# Sparking honey oil??



## Crazy Horse (Dec 14, 2007)

Just wondering why my honey oil sparks and crackles when burnt?  I use Nibo butane, and discharge the can into my pvc pipe with end caps and a coffee filter.Let it spray  on a glass plate. And then heat the plate up with my heating pad for about a half an hour (until it appears that all the butane has evaporated). Then I let it sit for about an hour to two hours and then scrape it off. Then when I heat the razor blade with a lighter, the oil will crackle and spark.

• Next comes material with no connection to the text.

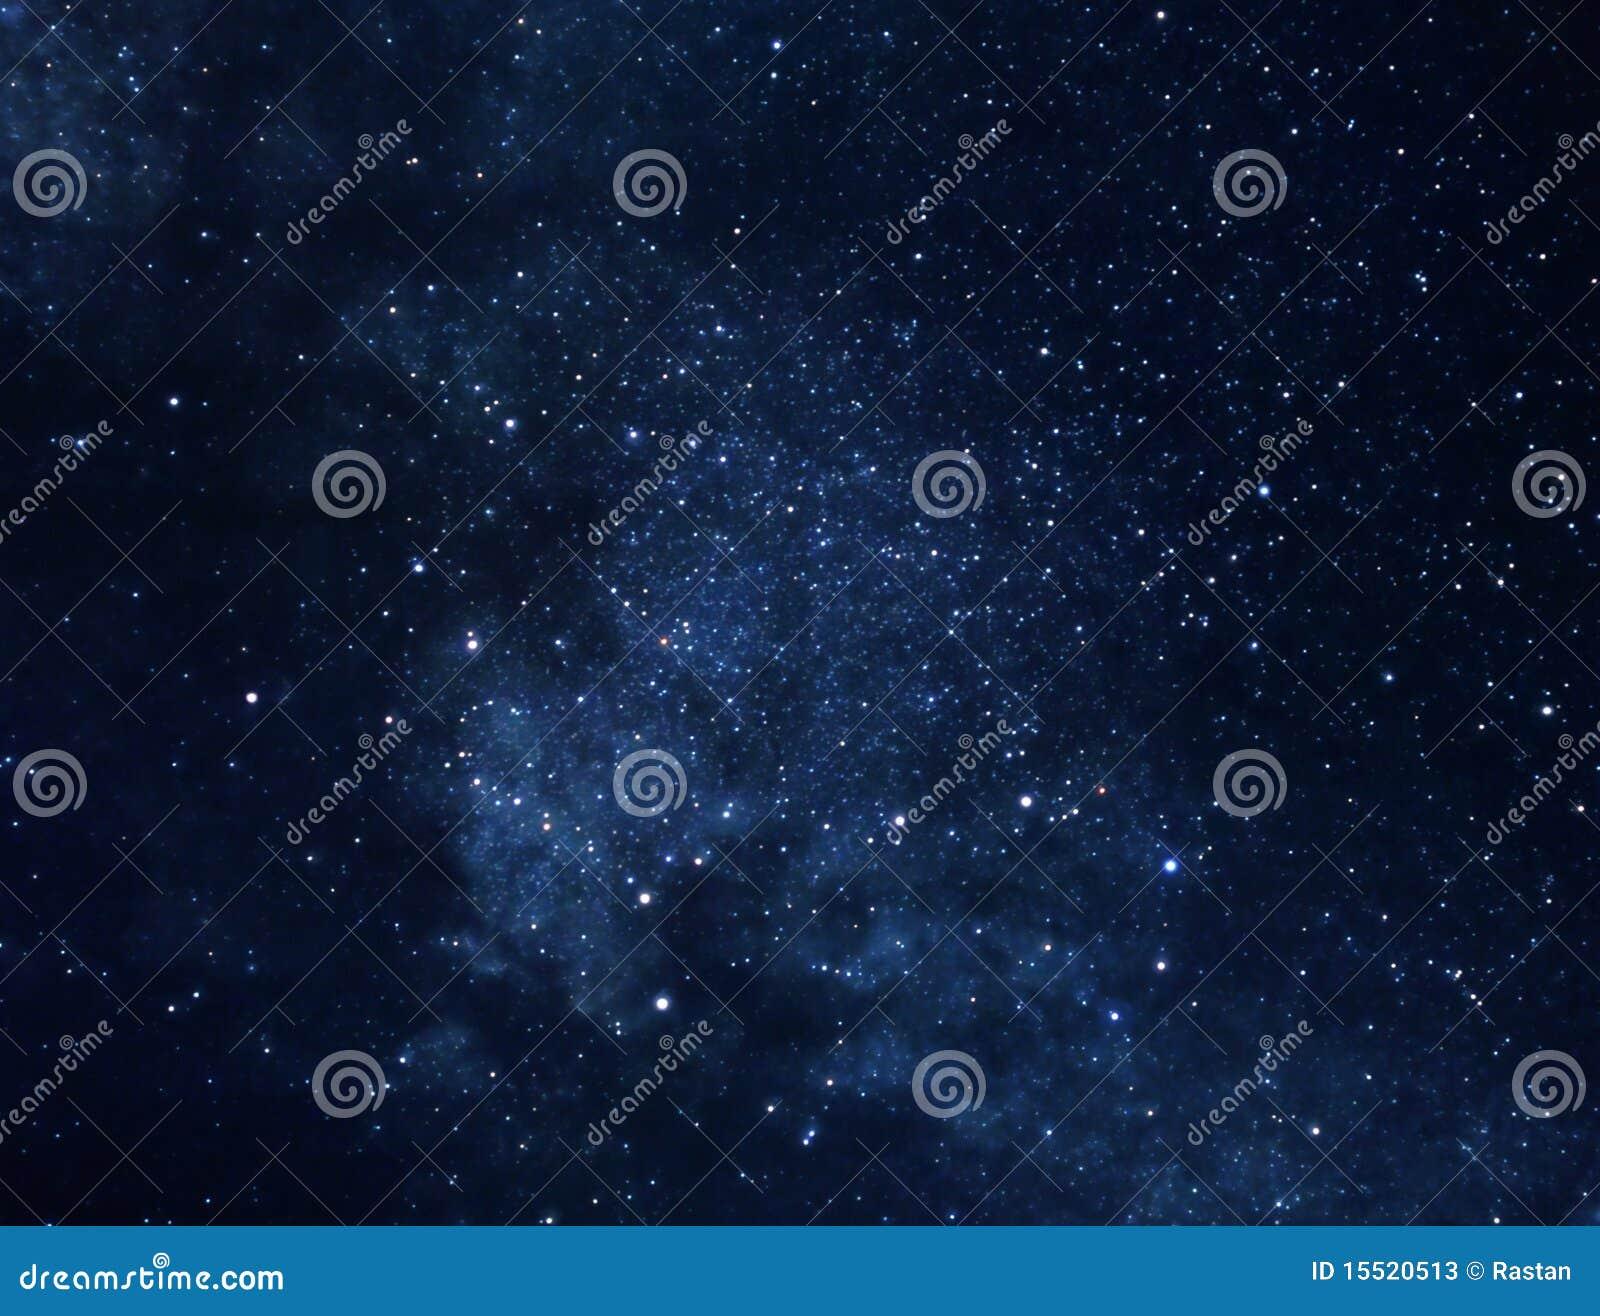 Fond de l espace

Anyone know why?


----------



## onelove420 (Dec 16, 2007)

sounds like theres still some gas it in


----------



## Crazy Horse (Dec 17, 2007)

That's what it seems like, But I let some of it sit for a day and it still does the same thing. And from what I have read, it only takes a half an hour for the butane to evaporate. It smells and tastes fine. Is there anything I should do, or worry about? Or just leave it?


----------



## Mutt (Dec 17, 2007)

how long are you letting your stuff dry before you make the oil?
Also are you using chem ferts or organic?


----------



## Crazy Horse (Dec 17, 2007)

The shake its self has been dried for about a month, maybe a little less. And for ferts it has been mostly organic with the odd boost of chem fertilizer.


----------



## Mutt (Dec 17, 2007)

might be some of the chems left over. Like when peeps use the neon green MG fert. and don't flush couple weeks b4 harvest...snap crackle pop. but becuase your extracting it into honey oil might be concentrating it. Try bailing on the chem ferts and sticking to organic...or flush real well.
Only thing I could figure.
I've never used Nibo..... is it triple refined?


----------



## Puffin Afatty (Dec 17, 2007)

the oil is not water soluable, just wash your oil to rinse any salts and then dry...sometimes moisture can make snap crackle pop too...


----------



## Crazy Horse (Dec 17, 2007)

Yeah it's triple refined. I didn't flush before I cut, But I didn't use any ferts for the last two weeks. Maybe next time I will flush. I know everyone is really supprised on how good my buds tasted, and I figured it was because I use very little chemicals. Thanks for the advice peoples, much appreciated.


----------



## Crazy Horse (Dec 17, 2007)

I've seen people use water, and it seems to be a little messy. But it is worth a try to get this stuff from crackling. Maybe I can sell it as Rice Krispy Oil? J/K


----------



## SmokinMom (Dec 17, 2007)

Crazy Horse said:
			
		

> I Maybe I can sell it as Rice Krispy Oil? J/K


 
:spit:


----------